Both APB 25 and SFAS 123 state that “the additional
tax benefits are attributable to an equity transaction,”
implying that the tax benefits should properly be classified
as cash flows from financing. In practice, however, these
tax benefits are often placed in cash flows from operations,
or even in noncash transactions. Some companies clearly
label the origin of the cash flow as tax benefits from exercise
of employee stock options; others simply include the amount
with “other” cash flow effects.
Reporting
tax benefits as cash flows from operations could be justified
because taxes may fall into this category and this is simply
a reduction in taxes. Using the indirect method of adjusting
accrual-basis income to a cash basis, a manager may justify
a decrease in deferred tax assets or taxes payable to be
an adjustment (increase) in operating cash flows. The implication
of reporting a transaction as operating is that it may be
perceived to be a continuing item that will affect future
cash flows and market price.
Reporting
the tax benefits from the exercise of options as cash flows
from financing is probably more accurate. Sales of stock
are traditionally recorded in this category, and such transactions
are less likely to be perceived as recurring. SFAS 123 indicates
that the tax benefits from the exercise of employee stock
options are attributable to an equity transaction, lending
authoritative support to this choice.
Finally,
some companies choose to report the tax benefits from the
exercise of options as noncash transactions. This classification
is appropriate for purchases of assets with long-term liabilities
or equity, or for payment of liabilities with equity. At
exercise, taxes payable are reduced and paid-in capital
is increased due to the compensation expense allowed for
tax purposes. Because no cash changes hands, noncash transactions
seems to be a logical placement on the statement of cash
flows.
The
Emerging Issues Task Force (EITF) of FASB addressed the
issue of cash flow reporting for tax benefits due to the
exercise of employee stock options in EITF 00-15. Effective
July 20, 2000, companies were required to report this tax
benefit in the cash flows from operating activities (as
an add-back to net income when using the indirect method).
Many companies still did not comply with this directive.
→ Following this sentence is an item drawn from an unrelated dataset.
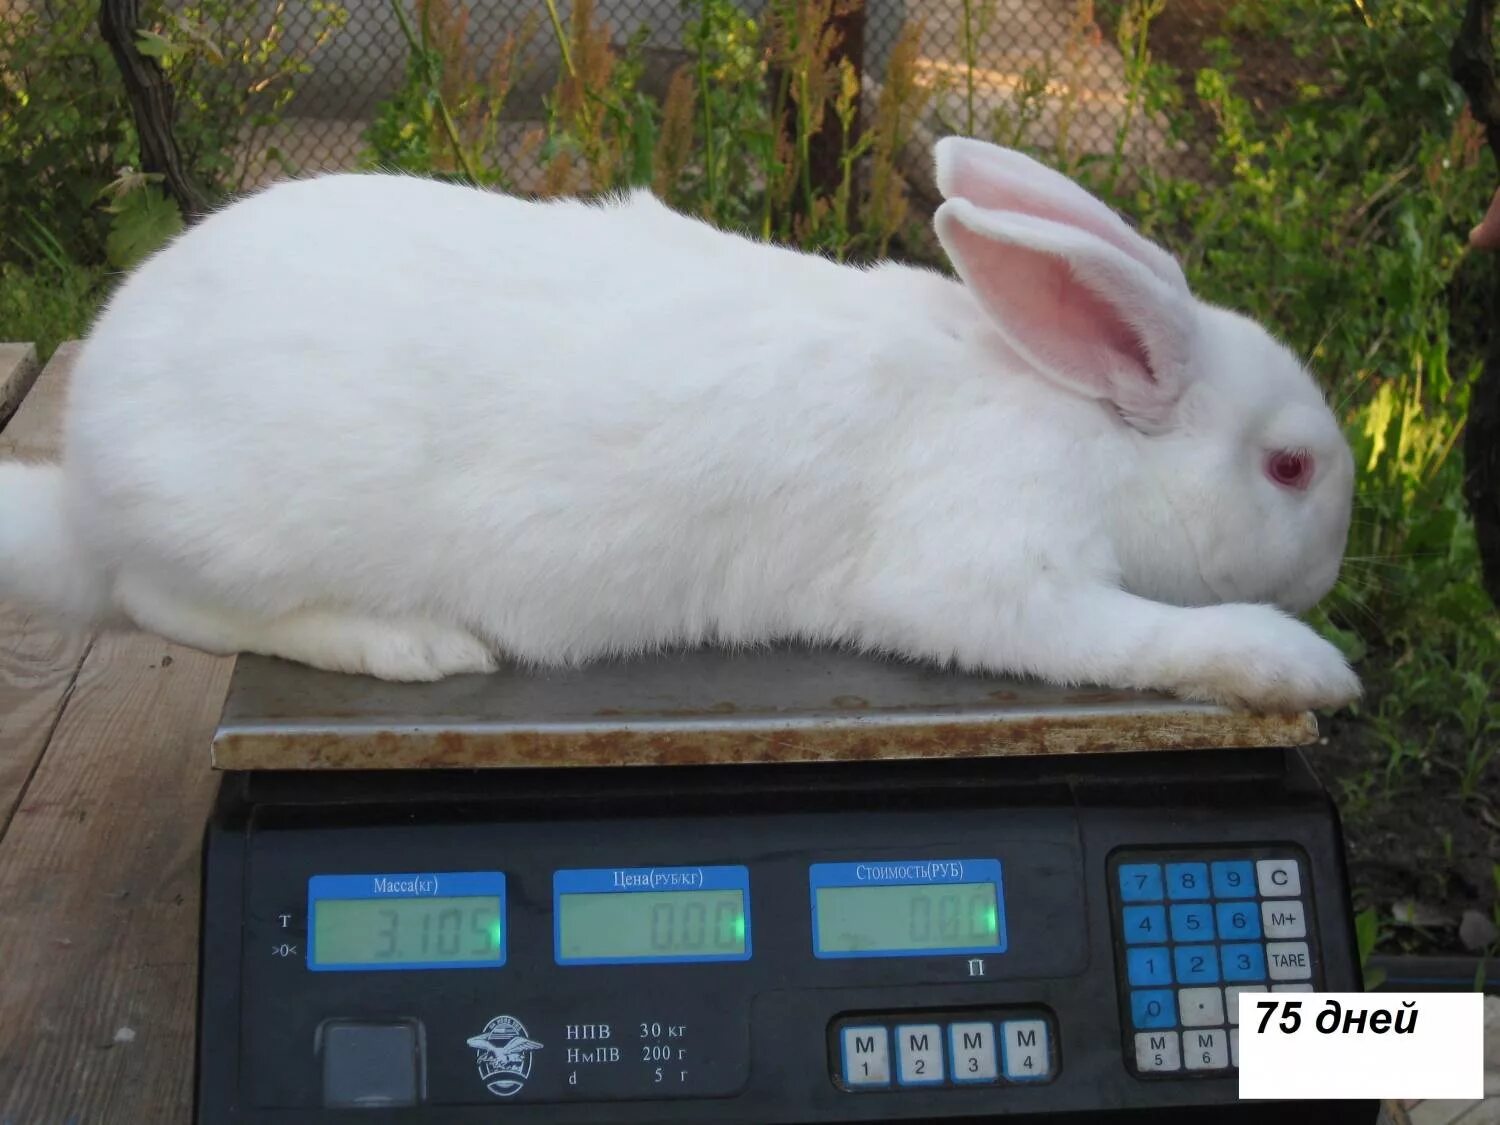 Вес порода кроликов. Белый Паннон кролик вес. Порода кроликов белый Паннон. Калифорнийский великан кролик. Кролик белый великан вес.
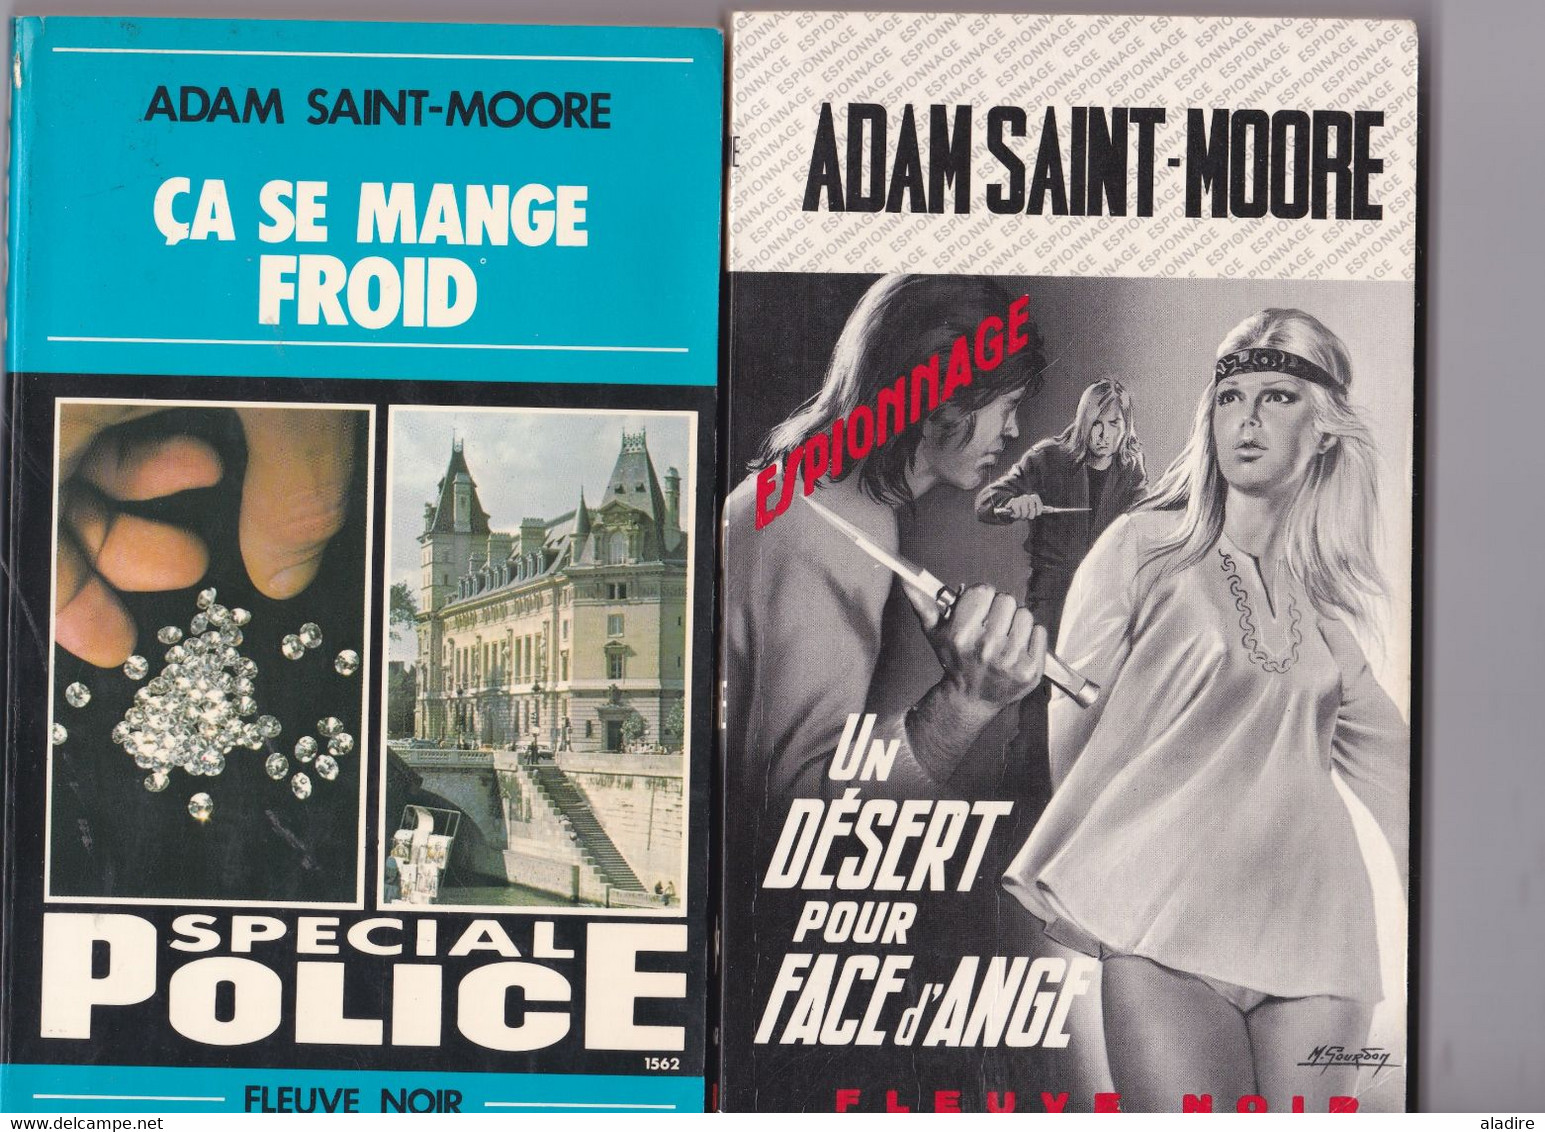 ADAM SAINT MOORE - Lot de 22 romans de cet auteur de romans policiers Fleuve Noir - 1926 - 2016

Under FAS 123(R), cash flows from the tax benefits should
be reported as cash flow from financing activities.
An
Ongoing Debate?
It
has taken many years for the battle over the accounting
for stock options to reach the point it has now. The Sidebar
presents a brief chronology of recent events in this contentious
debate. With the expensing of options set to take effect
at the end of this year, the standard’s proponents
appear to have finally won the argument. There remains,
however, a significant transition period yet to come, as
well as ongoing debates about the recognition and measurement
of options—not to mention how they will be accepted
by investors—ensuring that the expensing of stock
options will remain a controversial and contested topic.